Николай Байтов - Думай, что говоришь
(А что я думал? — Я вообще был в панике. Да, мой жест был натянутым и театральным, но бравада, наверное, была необходима моей душе в ту минуту.)
Ему не понравилось. Насупился, оскорбился. Жестокая обида пролегла в складках. Даже взял пистолет и повертел. (Если б я знал, что так подействует, то не стал бы… Но я не мог: я тоже человек, озабоченный своим достоинством.)
— Так что я жду, Валюшастик, — сказал он, не откладывая пистолета. — Твои объяснения про квартиры в Киеве и в Москве — замечательны. Я их принял и признал их безупречными. Теперь я жду объяснений про тусовку. Как ты их всех заставил петь под себя?
В саду начали взрывать петарды. — Одну грохнули, другую, третью. Кто-то пробежал, ругаясь, — погнался. Мальчишки, наверное, убежали… Нет, опять крики: поймали кого-то и волокли… «Да это не я!.. Ой, пусти!.. Руку сломаешь!.. Пусти!.. Не я это! Вон те пацаны! Они через забор перелезли!»
А как я мог их заставить? — И этого он ждёт? Но это невозможно, и этого не было. Я ничего не могу объяснить, даже придумать и наврать. Тусовка разомкнута. Её нельзя сделать. Если он это понимает, то он, значит, не до конца псих, но если он требует объяснений, то он уже… Всё это вихрем пронеслось… Эх, если б я мог вскочить и убежать в тот момент.
— Что такое?? Что это ещё за «Валюшастик»? — крикнул я. — Ты говори да не заговаривайся давай-ка! Ты понял?
Он не ответил. Усмешка его была круче кипятка.
— Ну чего? да? Короче, ты утверждаешь, что я — Валентин, да?
Он скривился.
— Слушай, я, кажется, просил тебя не говорить о нём! Ты — не Валентин. Ты — говно, Валюшастик. Он-то был мне истинным другом, и разве стал бы он выделывать эти фортели с утоплением и с бойкотом, когда вокруг меня все переглядываются и смеются в кулаки?

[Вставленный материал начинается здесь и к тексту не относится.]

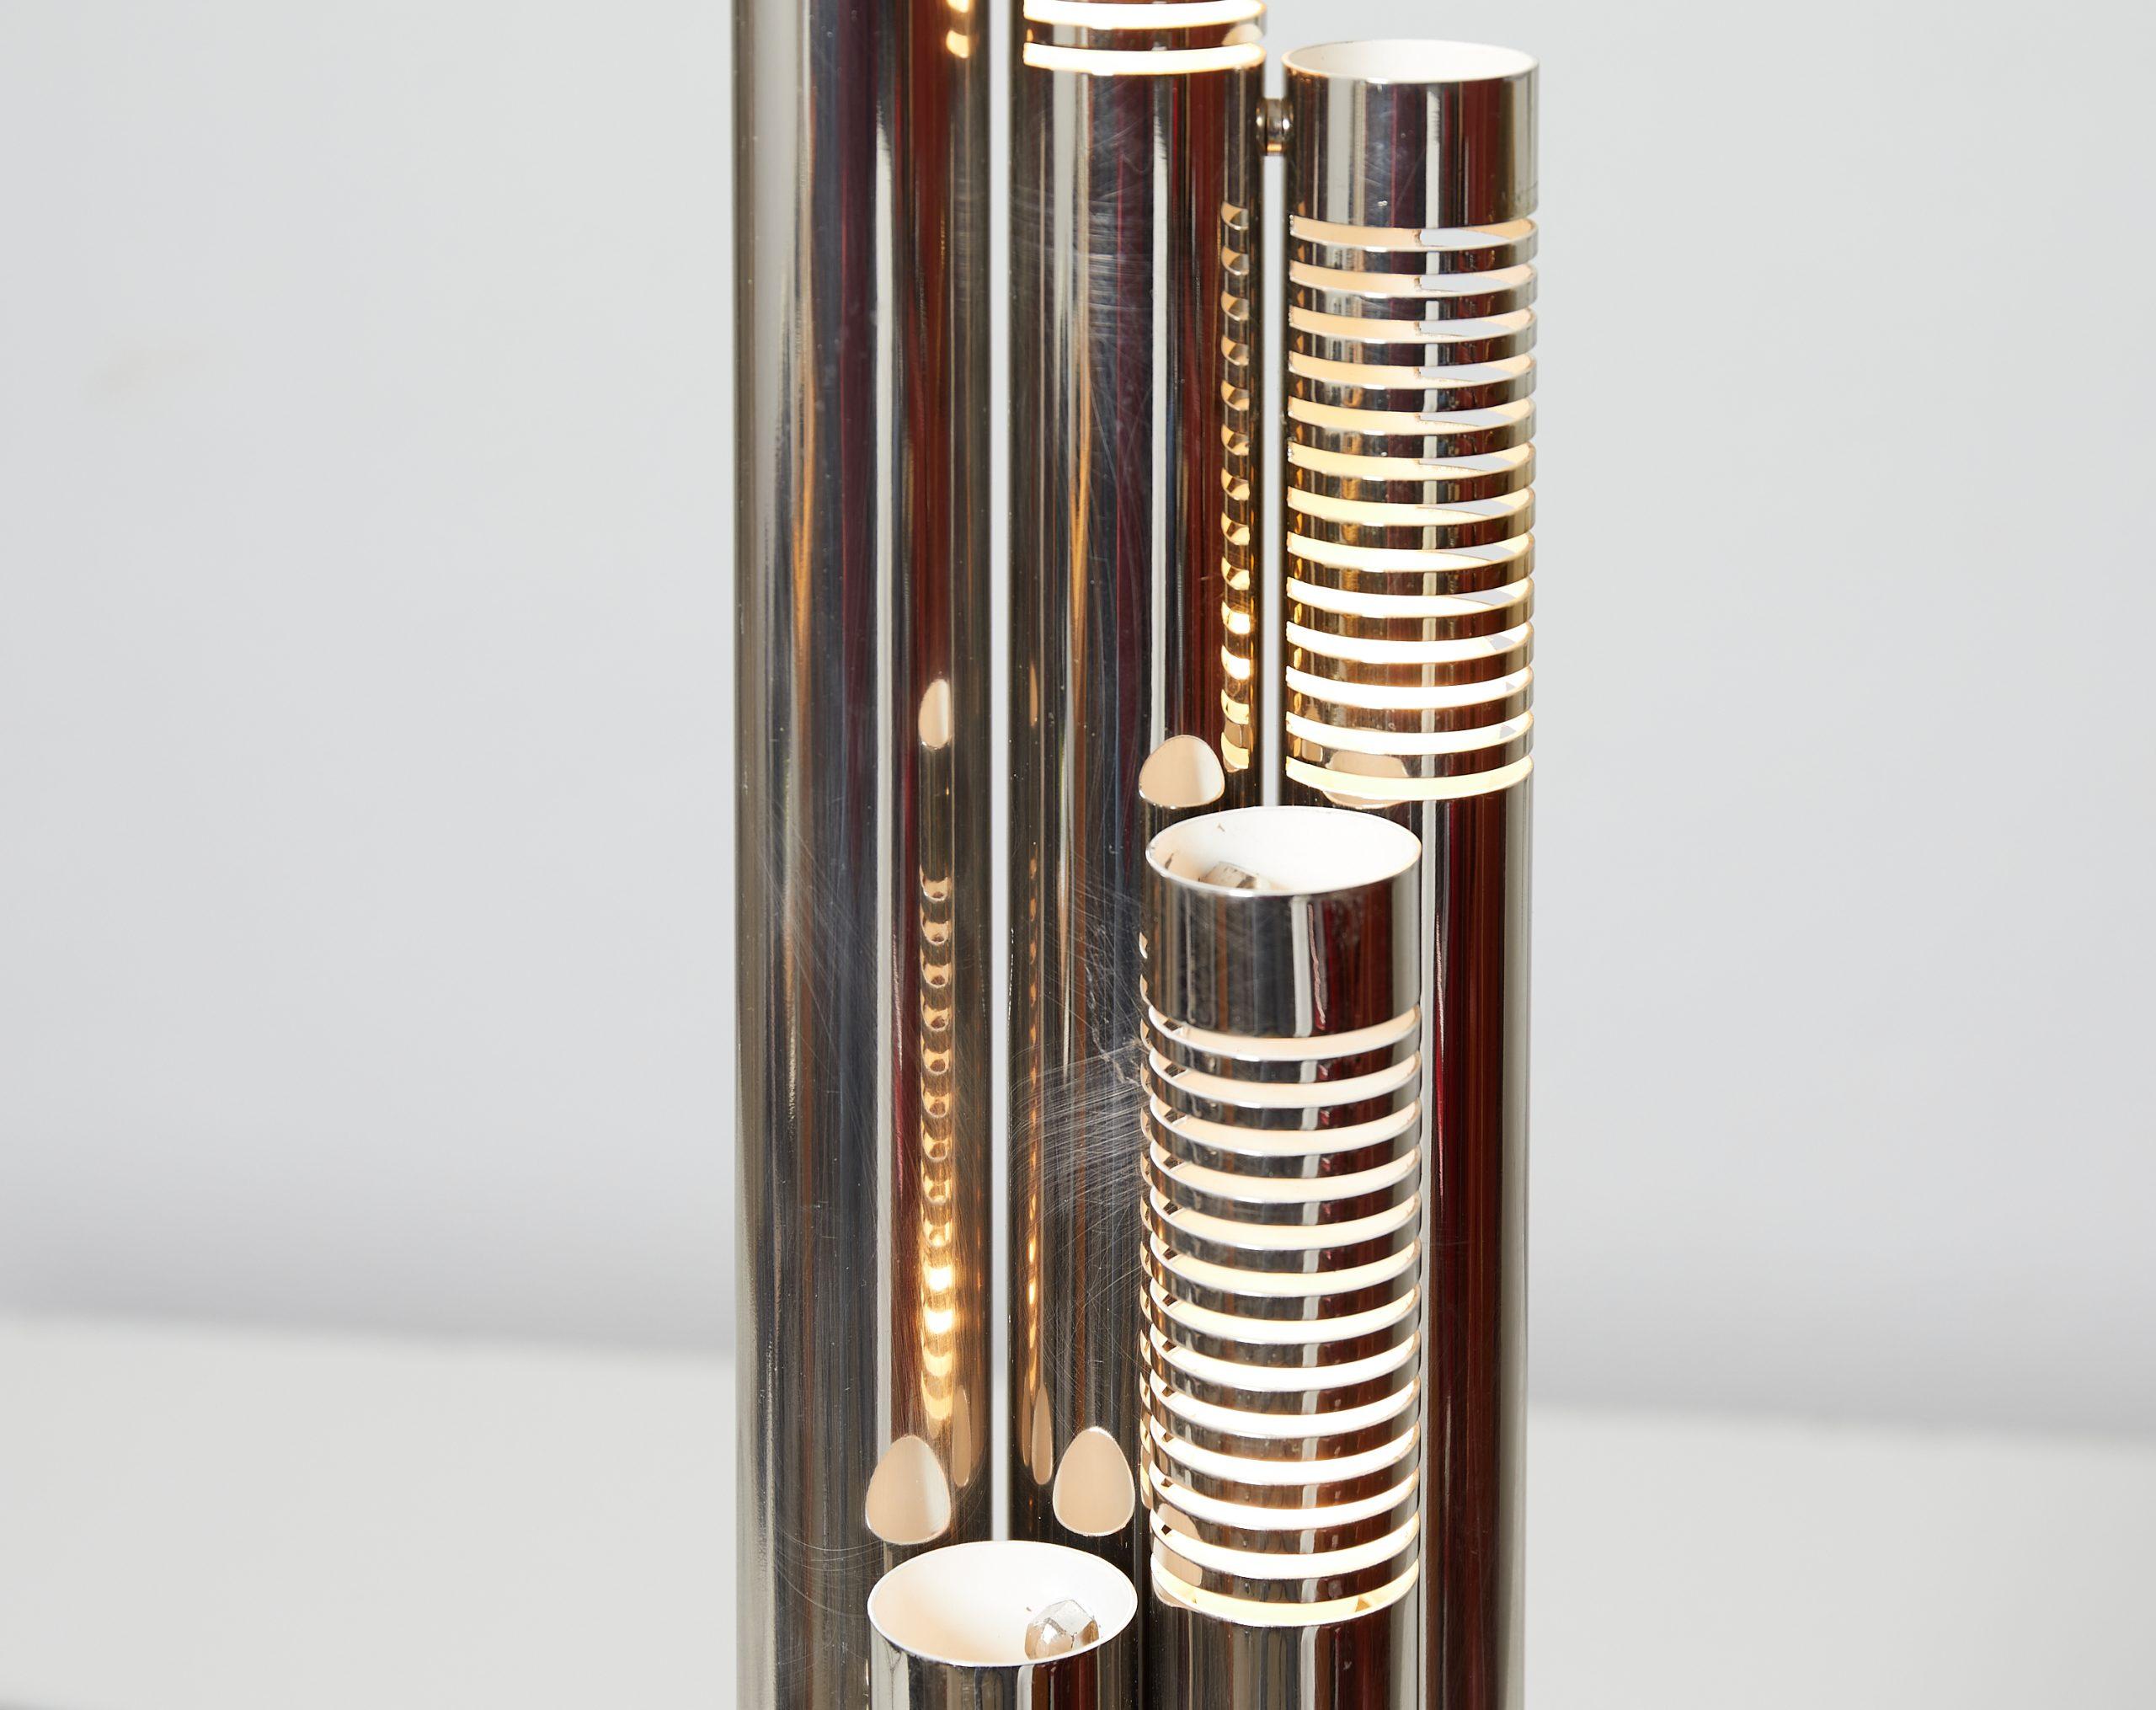 italian-chromed-metal-tubular-table-lamp-c-1970-image-04
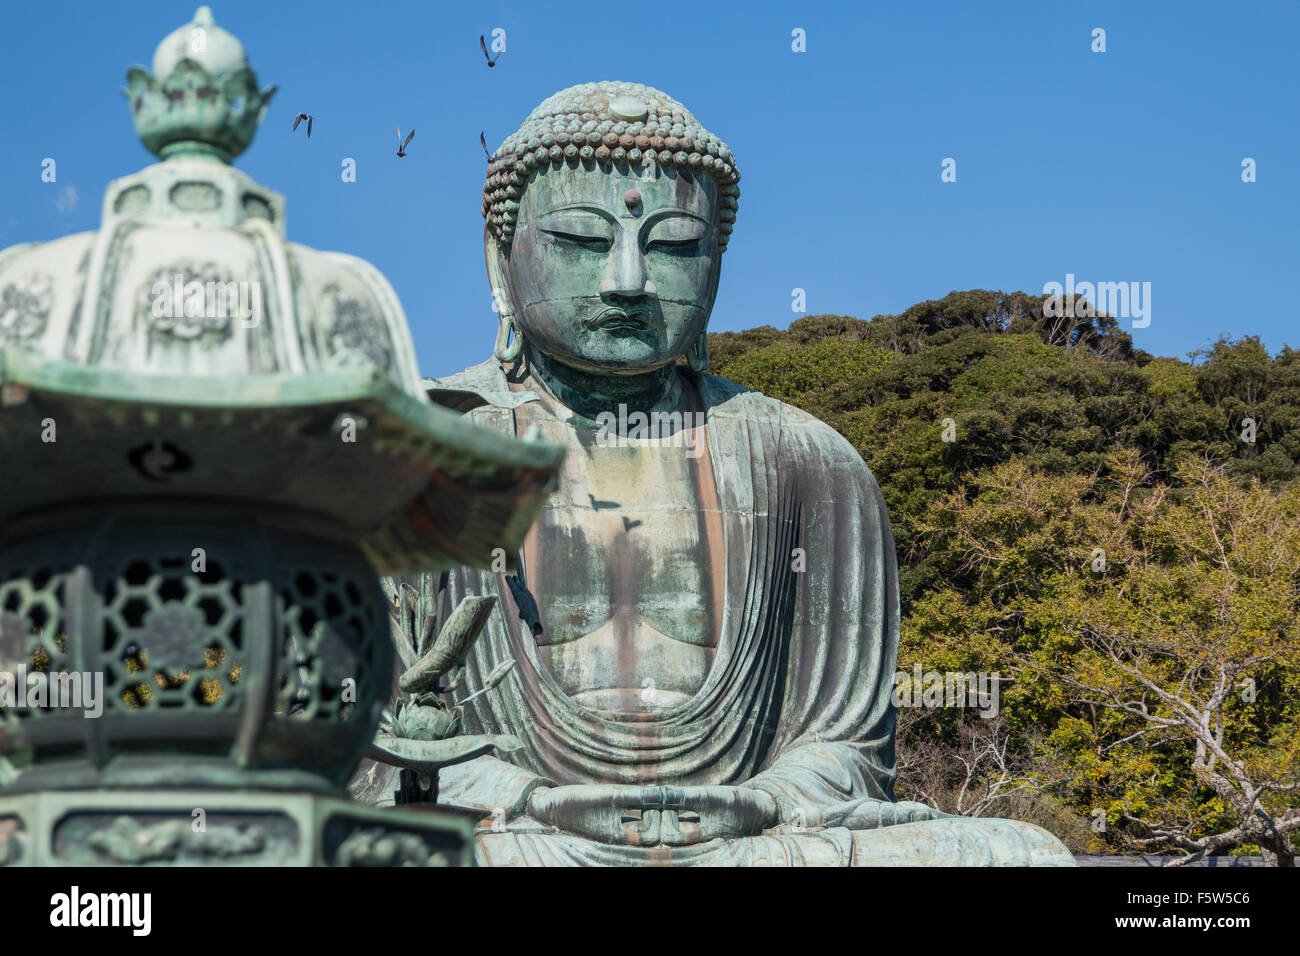 Kotokuin (Great Buddha of Kamakura) - Stock Image

Нет, у него хватило бы великодушия просто сказать: «всё, друг милый, мы врозь, не взыщи, не обижайся». — Разве я бы этого не понял, а?
Снова телефонный звонок.
— Алло? Коля?
— Да. Я.
— Слушай, у меня к тебе просьба. Полина сейчас должна подъехать на приём к Евгению Дмитриевичу…
— Алло! Кто говорит? Кого вам надо?
— Николая Брауде. Это Центр нетрадиционной медицины?
— Нет. Ошиблись.
— Да разве я на него похож? — задал я наконец самый глупый и самый разумный вопрос. Как ни абсурдно это было, но — не удержался, вырвалось.
Он кивнул.
— Ага… Нет. Похож? Да кого ты обманешь? Твоя пластическая операция… Всё равно все видят. Белыми нитками шито. Да ты и не старался. Тебе надо было посмеяться надо мной. Ну, смейся, продолжай…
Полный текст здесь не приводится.